Over the last few months, I’ve had a few clients visit (and ask about visiting) Beijing, China. The Great Wall is a big draw, as is the Forbidden City and Summer Palace. Others want to see the giant pandas in Sichuan Province. Recently, here at Point Me To The Plane, we had a few travelers reach out about the Chinese transit visa, which China has created to allow certain tourists to stay in the country on stopover.
Unlike a standard, 10-year tourist visa, there’s no need to apply for a transit visa ahead of time. You won’t need to provide a contact, or an address, or go through an interview process. The transit visa can be wholly obtained at the airport upon arrival. You have to first make sure that your travel qualifies for this type of temporary visa.
Questions: Can I Visit China Without Purchasing a Visa? What Does the Chinese Transit Visa Let Me Do?
Can I visit both Beijing and Shanghai without purchasing a Chinese visa? What if I want to go see the pandas? How many days am I allowed to stay in China? What documents do I need to show in order to qualify for the transit Chinese Visa?

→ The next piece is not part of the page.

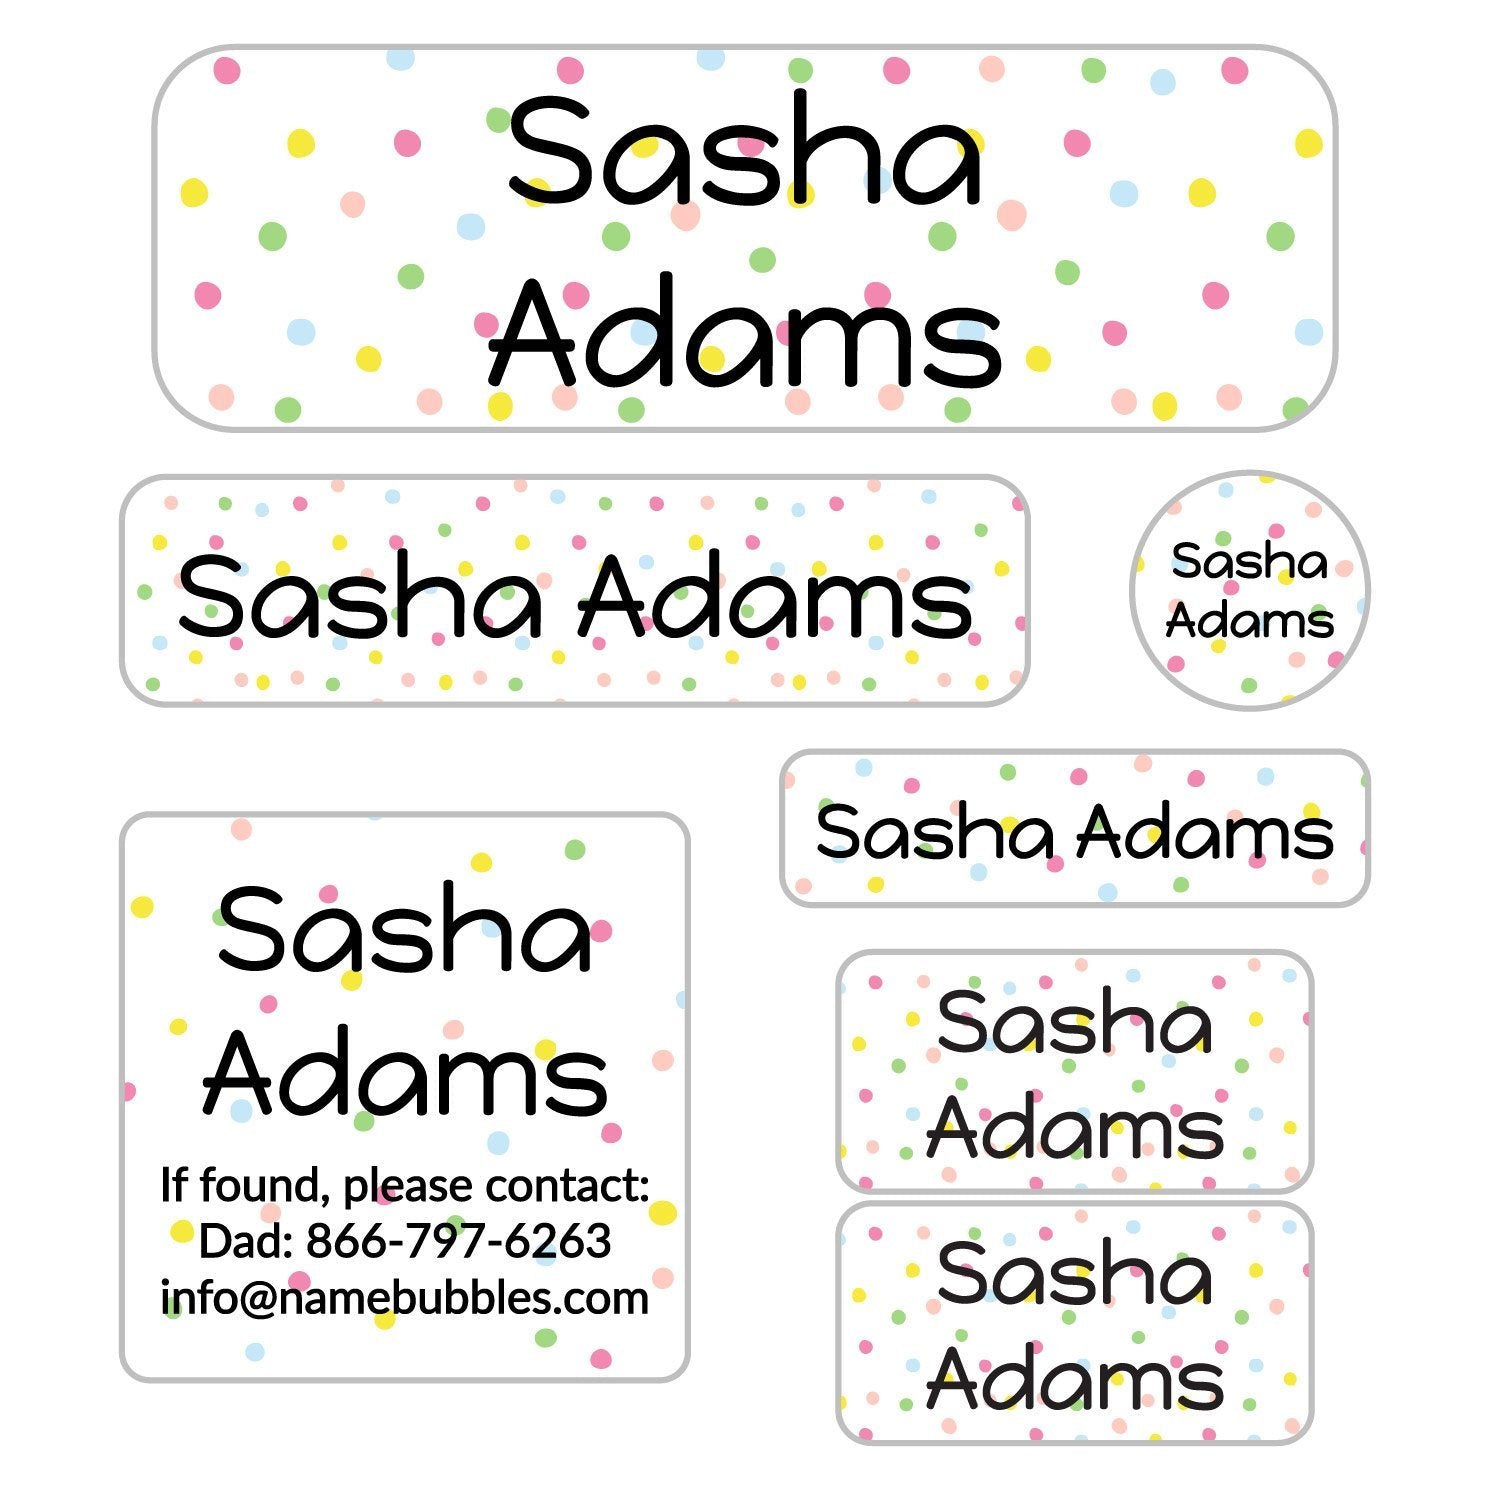 30 x Customized Name Labels | Perfect Kids Daycare and School Supplys Tag  Labels | Cute Children's Name Label Pack - Waterproof Safe

Answer: It Is Possible To Visit China On A Transit Visa But Your Trip Needs To Qualify
There is a lot of information regarding how your trip qualifies for the transit visa and what documents you’ll need to show on arrival into China. I’ve broken this down in the order you’ll need to address it all.
This is quite tricky, and there are a lot of rules and regulations, so if you do have specific, particular questions, you should reach out to the Chinese consulate directly.
Chinese Visa vs Transit Visa
First of all, when do you need to apply for the visa, and when do you qualify for the transit visa? This is going to be your first step, as if you need to apply for the visa, you’ll want to do that before purchasing plane tickets.
- If you plan to stay in just one specified region, for less than 72 (or in a couple cases 144 hours), you qualify for the Chinese transit visa. The time allowed depends on the province/city.
- If you have business in China, need to travel between Beijing and Shanghai, or want to split your time between Beijing and the pandas in Chengdu, you’ll have to apply for the visa. Again, we will write a separate post on the visa itself, later.
The Chinese Transit Visa and What It Means
A transit visa essentially allows someone to stay in a country for a certain period of time without having a proper visa. Some countries may have a piece of paper, others just a stamp, but it is nonetheless proof of being in the country legally. A visa is different from a passport, which is simply a travel document certifying a traveler’s identity and nationality.
The Chinese transit visa has two distinct sections. One allows visitors to stay in the country for 72 hours while the other allows visitors to stay for 144 hours. This depends on the Chinese region and/or city. Neither visa permits travel between two different regions.
To be eligible for a transit visa, travelers must meet certain qualifications, primarily the purpose of the visit and nationality, but also how they arrive and depart.
Currently (2018), citizens of 53 countries qualify for the transit visas. This includes the United States, Canada, Australia, New Zealand, and much of Europe.
What Is An Eligible Transit Route?
Very simply, it is A > B (mainland China) > C.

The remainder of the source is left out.